Никифор воткнул топор в чурбак, он тесал новую задвижку к завозне, кивнул гостям:
– Здорово!
Помолчали неловко.
– Да – а… Прибывает дён-то, – заговорил Лаврен, присаживаясь на чурбак.
– Как же, прибыл… Солнце на лето повернуло, а морозы только еще поигрались… Может, в дом зайдем? Чё тут носы морозить?
– Ты погоди, Никифор Степанович, чай мы и дома пили, а христовы праздники вроде прошли, натешились, – остановил хозяина Алексей Тимофеевич.
– Рожество, слава богу, отгуляли, а ить крещенье скоро. Забыл?
– И верно, из головы повышибло. – Алексей Тимофеевич полез за куревом. По старой привычке, с войны, он не изменял «звездочке», хотя за последнее время папиросы стали хуже, табак поторчал.
– Ведь опять насосешься, стерх ты непаленый, – повернулся он к скотнику. – Ты уж предупреди, где тебя искать в этот раз. А то ведь что учудил, старики? Залез в гаино к своему борову и спит…
– Не насосусь, Тимофеевич. Плюнь мне в глаза.
– Плюнул бы, да что мне, самому прикажешь потом глызы от коров отвозить?
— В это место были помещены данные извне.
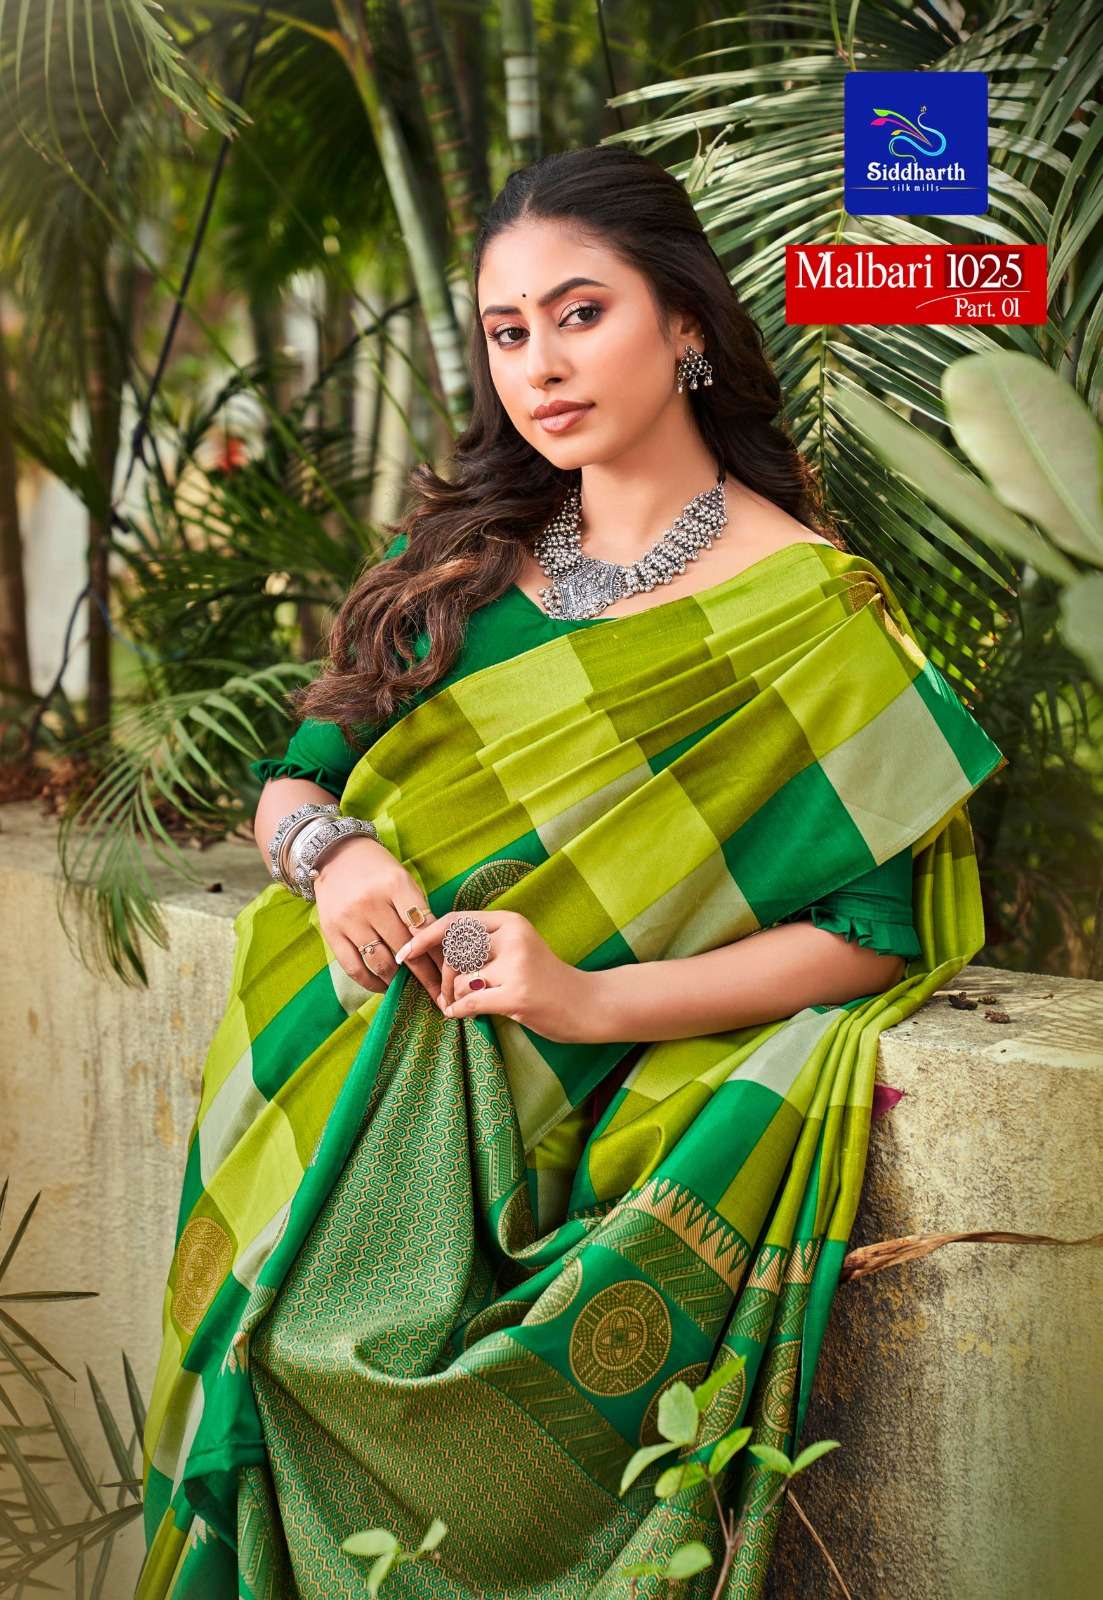 siddharth silk mills present malbari 1025 fabulous south indian saree collection

Плюнь… – Тимофеич потер рукавицей калеченную на войне ногу. – Недавно вот вызывали в дирекцию в Еланку: «За что, – говорят, – ты орден Александра Невского носишь, память доброго человека позоришь?» – «Ношу, – говорю, – на фронтах заработал». Директор так и взбеленился: «На фронтах ты храбро управлялся, ротой и батальоном командовал, а сейчас с двумя отделениями не можешь совладать…» Как ни верти, а прав он. Хоть што поделай…
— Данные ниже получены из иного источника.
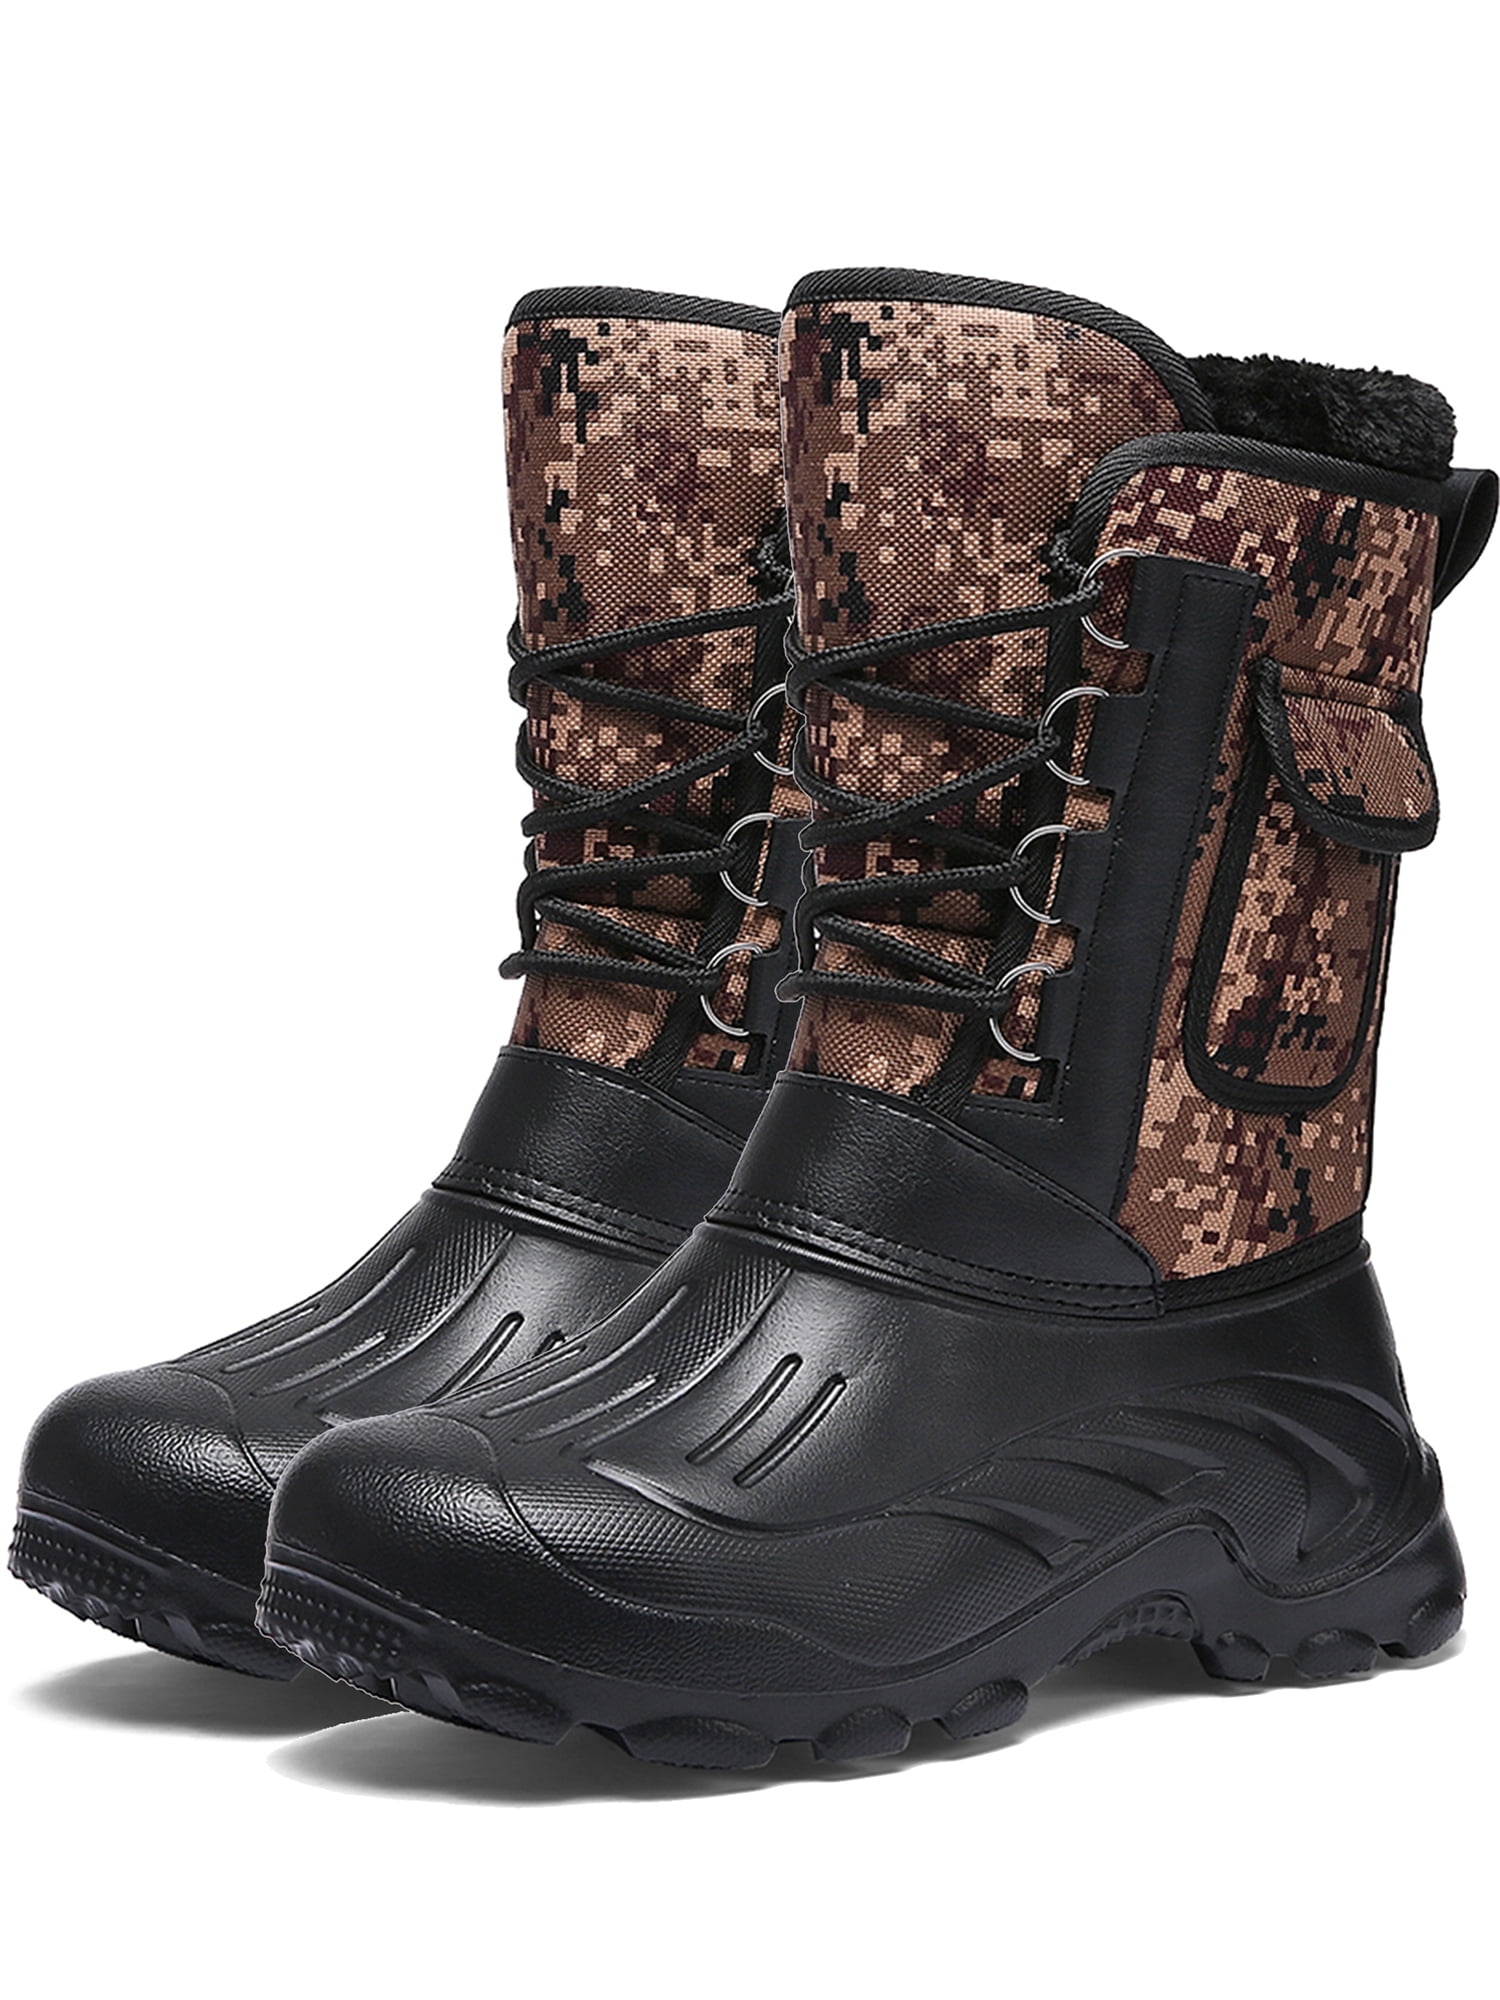 mens wide width winter boots

– А ты по добру, – подкашлянул Михалев, – раньше оно ить как было, человека уважили, похвалили, он рад с пупа сорвать, пластался и на поле, и на ферме, и при обчественном деле.
– Ты погоди, Михалев. – Управляющий приспособился на поленьях, вытянул калеченую ногу. – Про раньше-то ты много ли понимаешь, всю жизнь картузы кроил.
– Кроил, ну. Самому великому князю, главнокомандующему Николаю Николаевичу, мундер по примерке… Да и тебе, Тимофеич, помнится, шинелишку на пальто переиначивал.
На улице залаяла собака. Мужики как по команде повернули головы. К воротам подошла Нюра Соломатина.
– Не приехали? – спросила она, хотя и так ясно, что не приехали. – Я молочишка принесла ребятам. Возьми, Никифор Степанович, посудину… Сам-то не забудь, налей себе стакан, – наказала вдогонку.
Никифор отнес молоко в дом, вернулся. Михалев что-то доказывал мужикам, нажимая на сиплый голос.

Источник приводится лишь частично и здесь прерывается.